In [11]:
import warnings
warnings.filterwarnings("ignore")

from helper import get_openai_api_key
openai_api_key = get_openai_api_key()

In [16]:
import json
from IPython.display import display, Markdown, HTML
from openai import OpenAI

client = OpenAI(api_key=openai_api_key)
GPT_MODEL = 'gpt-4o'
GPT_MODEL_MINI = 'gpt-40-mini'
o1_MODEL = 'o1-mini'

In [None]:
no_CoT_prompt = ("Generate a function that outputs the SMILES IDs for all the molecules involved in insulin.")
response = client.chat.completions.create(model=GPT_MODEL,messages=[{"role":"user","content": no_CoT_prompt}])

In [18]:
display(HTML('<div style="background-color: #f0fff8; padding: 10px; border-radius: 5px; border: 1px solid #d3d3d3;"></hr><h2>🔽 &nbsp; Markdown Output – Beginning</h2></hr></div>'))
display(Markdown(response.choices[0].message.content))
display(HTML('<div style="background-color: #fff4f4; padding: 10px; border-radius: 5px; border: 1px solid #d3d3d3;"></hr><h2>🔼 &nbsp; Markdown Output – End</h2></hr></div>'))
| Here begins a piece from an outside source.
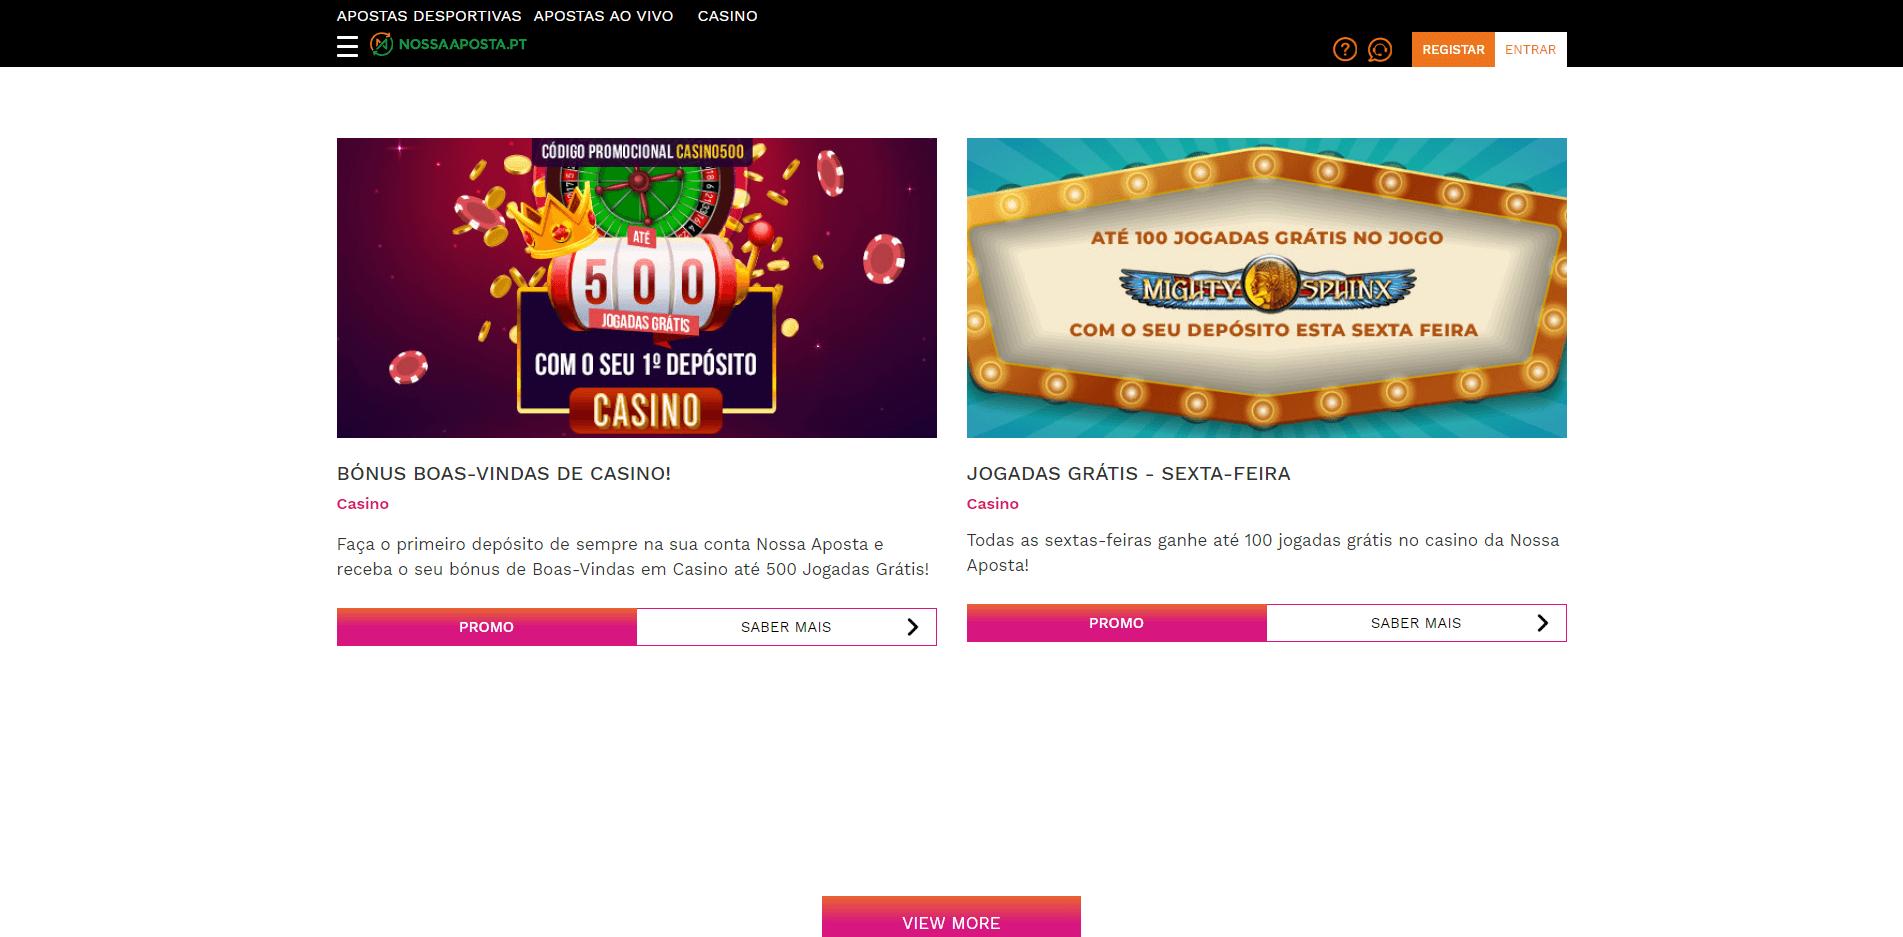 promoções semanais no casino

Creating a function that outputs the SMILES (Simplified Molecular Input Line Entry System) notation for all molecules involved in insulin is quite challenging due to the complexity of insulin. Insulin is a peptide hormone composed of two peptide chains (A chain and B chain) connected by disulfide bonds. Each of these chains consists of a sequence of amino acids. Representing entire proteins or complex peptides like insulin using SMILES is not typical, as SMILES is generally used for small molecules.
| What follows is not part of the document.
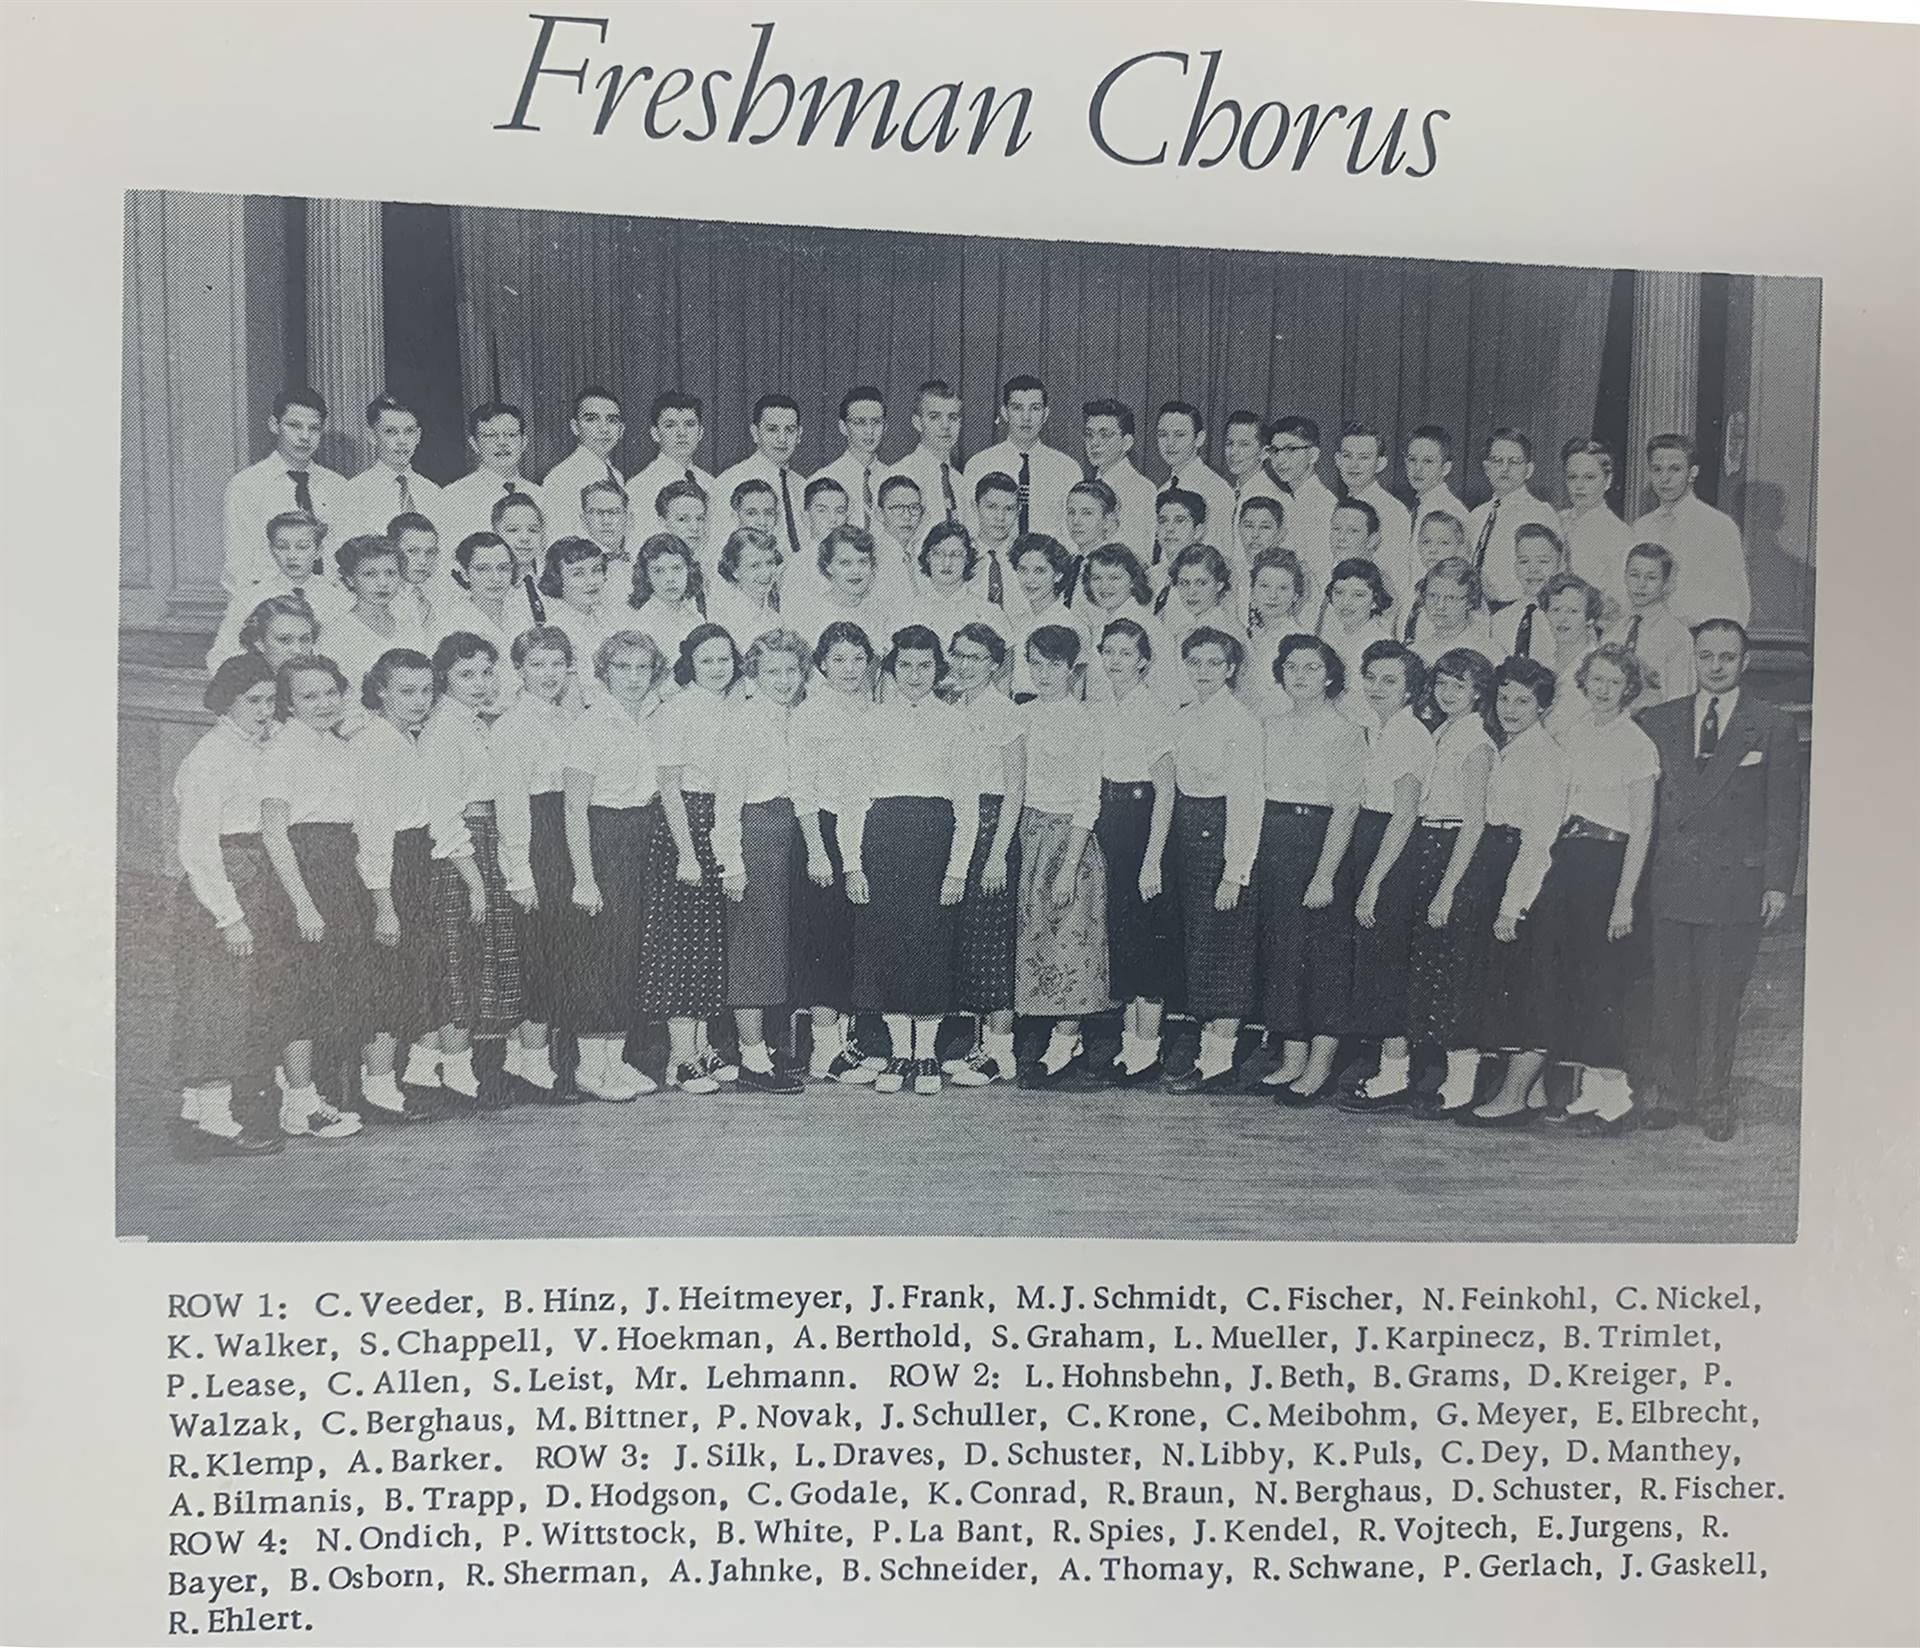 Freshman-Chorus

However, if you're looking to represent the basic building blocks or a simplified version of insulin, you would first need the SMILES for each amino acid involved. Below is a Python function that provides SMILES strings for common amino acids. You could extend this to map the ones found in insulin, albeit insulin is better represented in its entirety through sequence databases rather than as SMILES due to its complexity.

```python
def get_amino_acid_smiles(amino_acid):
    # Dictionary mapping single-letter amino acid codes to SMILES
    amino_acid_smiles = {
        'A': 'CC(C(=O)O)N',        # Alanine
        'R': 'C(C(C(=O)O)N)CN=C(N)N', # Arginine
        'N': 'CC(C(=O)O)NC(=O)C',  # Asparagine
        'D': 'CC(C(=O)O)C(=O)O',   # Aspartic acid
        'C': 'C(C(C(=O)O)N)S',     # Cysteine
        'Q': 'CCC(C(=O)O)NC(=O)C', # Glutamine
        'E': 'CCC(C(=O)O)C(=O)O',  # Glutamic acid
        'G': 'C(C(=O)O)N',         # Glycine
        'H': 'C1=C(NC=N1)C(C(=O)O)N', # Histidine
        'I': 'CC(C)C(C(=O)O)N',    # Isoleucine
        'L': 'C(C(C(=O)O)N)CC',    # Leucine
        'K': 'CCCC(C(=O)O)N',      # Lysine
        'M': 'CSCC(C(=O)O)N',      # Methionine
        'F': 'CC(C(=O)O)N',        # Phenyalanine
        'P': 'C1CNC1C(=O)O',       # Proline
        'S': 'C(C(C(=O)O)N)O',     # Serine
        'T': 'C(C(C(=O)O)N)O',     # Threonine
        'W': 'C1=CC=C2C(=C1)C(=CN2)C(=O)O', # Tryptophan
        'Y': 'C1=CC=C(C=C1)CC(C(=O)O)N', # Tyrosine
        'V': 'CC(C(=O)O)N',        # Valine
    }
    
    return amino_acid_smiles.get(amino_acid.upper(), "Unknown")

# Example usage:
amino_acid = 'A'  # Alanine, for example
print(get_amino_acid_smiles(amino_acid))
```

For specific insulin structure, you'd need to map its amino acid sequence using the above dictionary. However, insulin is better represented by peptide sequences using FASTA format or in databases like PDB or UniProt rather than trying to force it into SMILES.